What this does NOT confirm

  • That the actual canary VA 0xBCE25640 is the ONLY secondary object. There may be more pointers in deeper ctx slots (we only captured 64 bytes; the full struct may be larger).
  • That installing the secondary object would suffice. The secondary object likely has its own pointer fields (head node of a linked list — looks like a queue/work-list given the doubly-linked-list pattern at +4/+8).

Recommendation

Stop the crowbar approach. The wedge is structurally too deep for state synthesis to be cheaper than fixing the natural-activation gap. Per Q5 of the boot-state review (methodology-assessment.md): the matched-prefix metric is on the wrong thread, and the wedge is inherently a thread-activation problem, not a state-construction problem.

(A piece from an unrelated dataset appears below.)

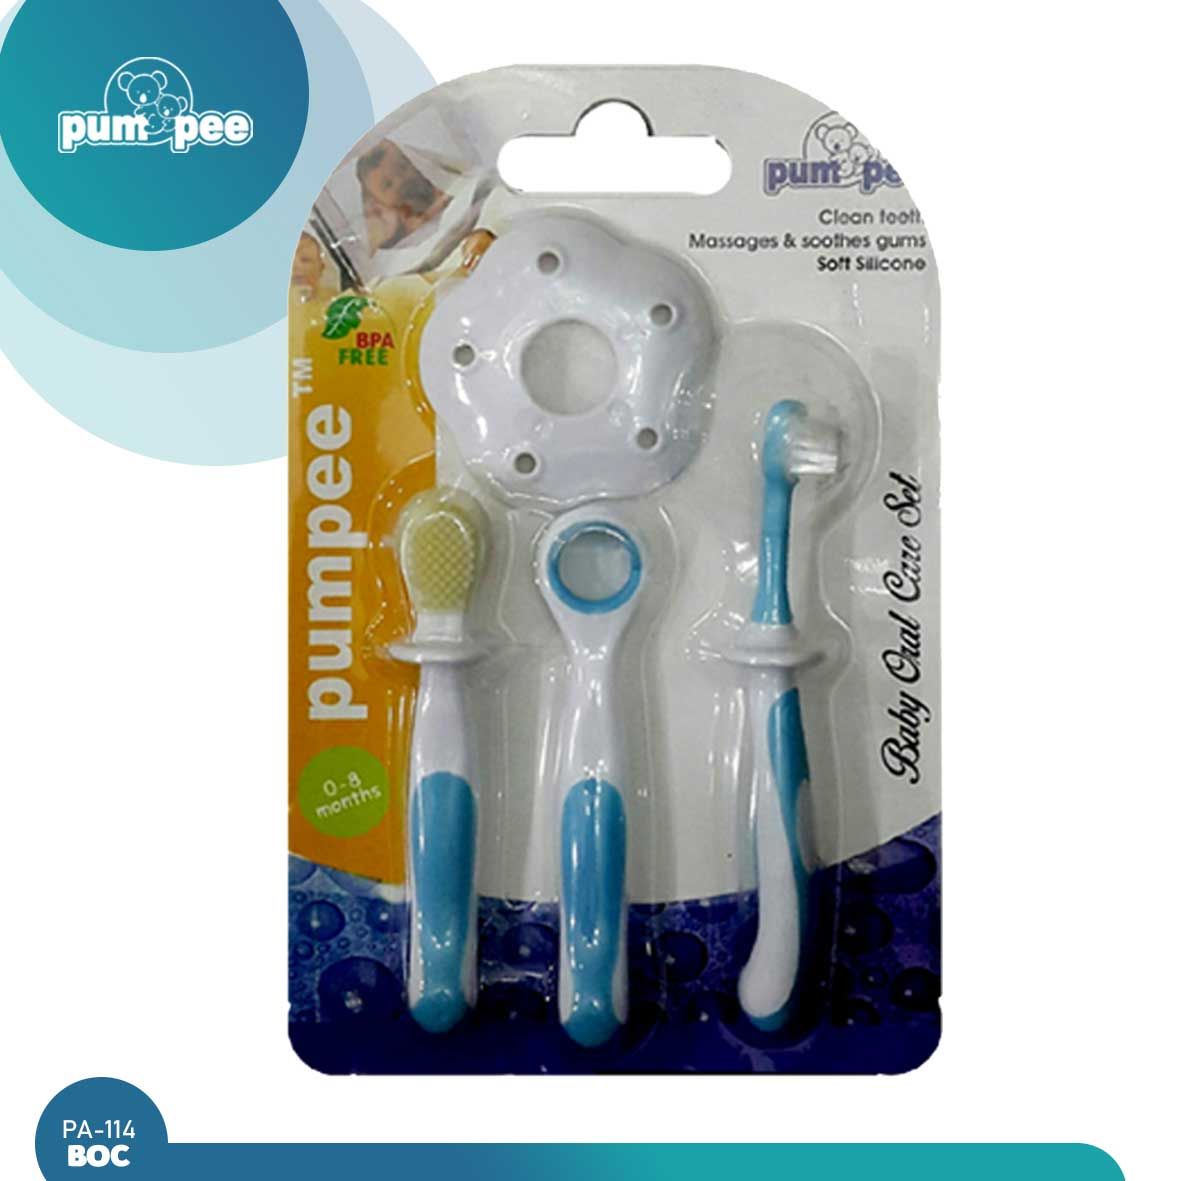 Pumpee Baby Oral Care Set | PA-114BOC - 1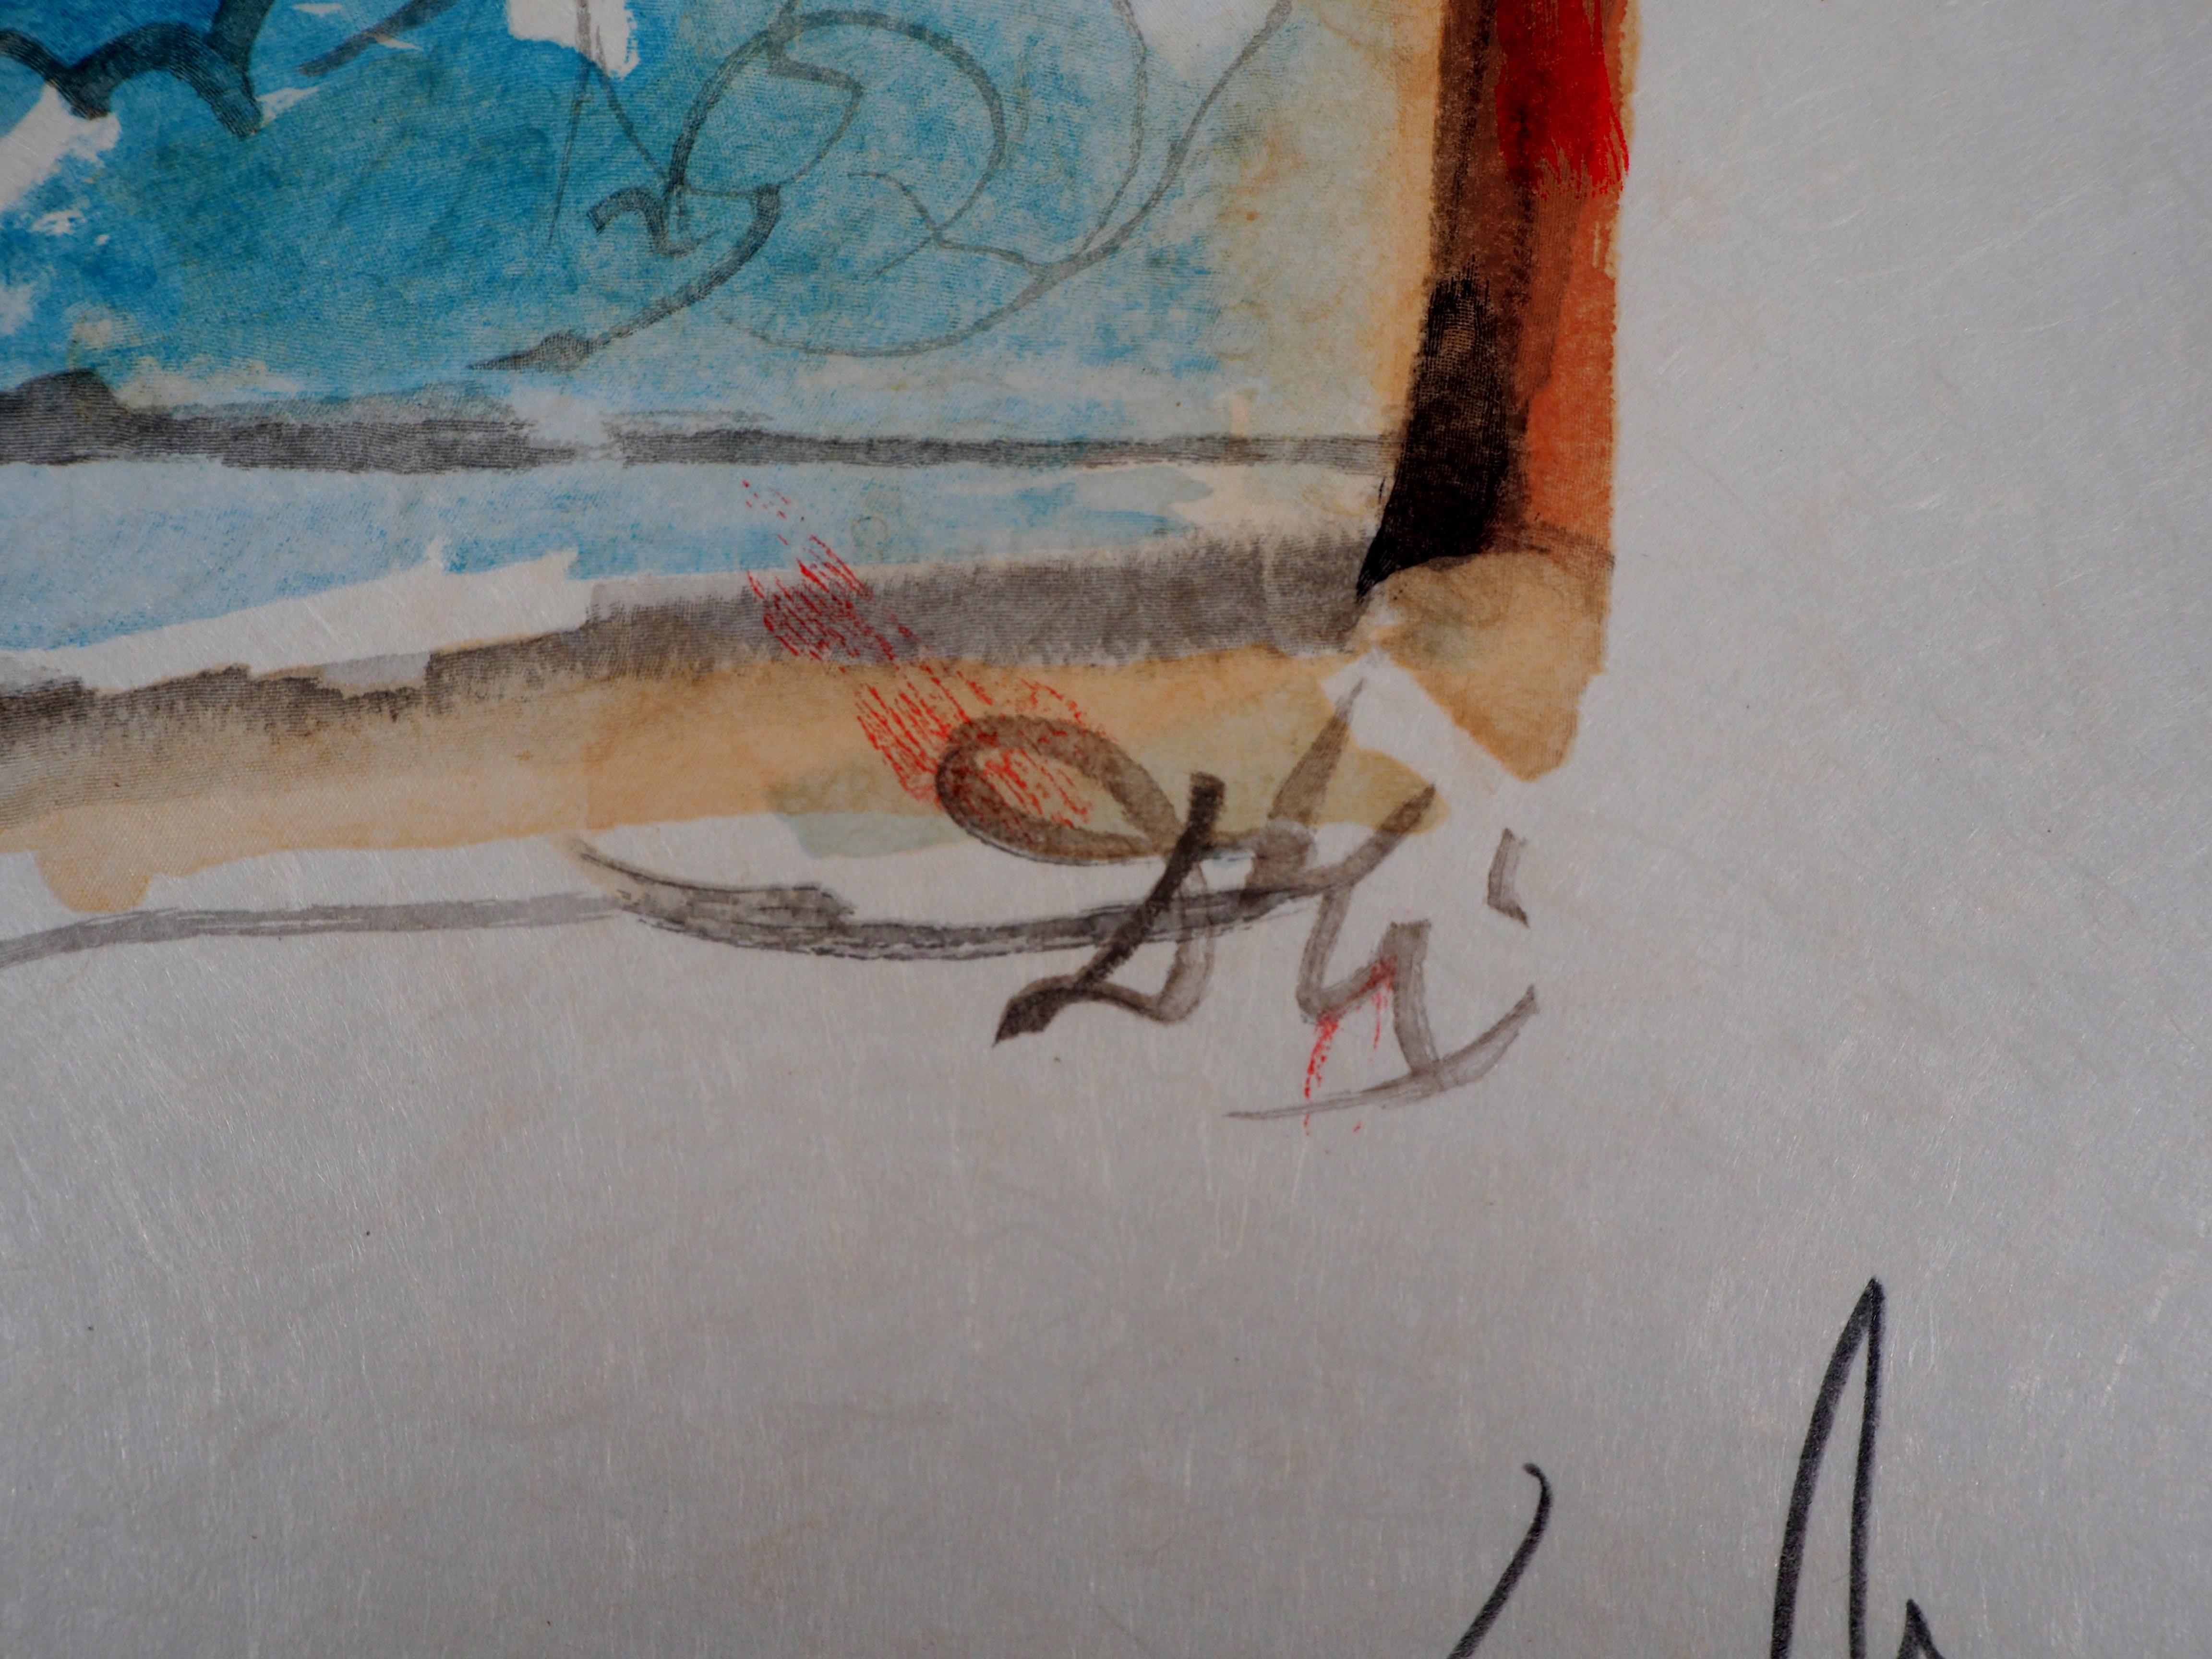  Pegasus (Generous Steed) - Original Woodcut, Handsigned (Field #79-2 J) - Surrealist Print by Salvador Dalí

Pivot recommendations (in order of cost):

  1. AUDIT-069 follow-up — the 25 vs 1 "other producers" gap from Session 5 is more actionable than the worker-spawn gap. The XAudio thread resume at canary 1.726 s is a candidate trigger that produces 8-24 helpers ahead of the wedge.
  2. Recursive ctx-state capture (option β from brief) — write a probe-graph tool that captures canary's pointer-reachable closure from ctx_ptr (BFS via audit_68_host_mem_read_probe, follow each pointer field that's in the BC arena, capture another 64 bytes, repeat). Estimate: 200-400 LOC tooling + needs ours-side memory allocator extension to map BC-arena VAs. High complexity vs gain.
  3. Pointer-translation table (option α) — map canary BC-VAs to ours allocator-VAs on install. Needs canary-vs-ours linked allocator walk; ~300 LOC.

The natural-activation path (Step 2 of the boot-state roadmap) is likely cheaper than any of these crowbar extensions.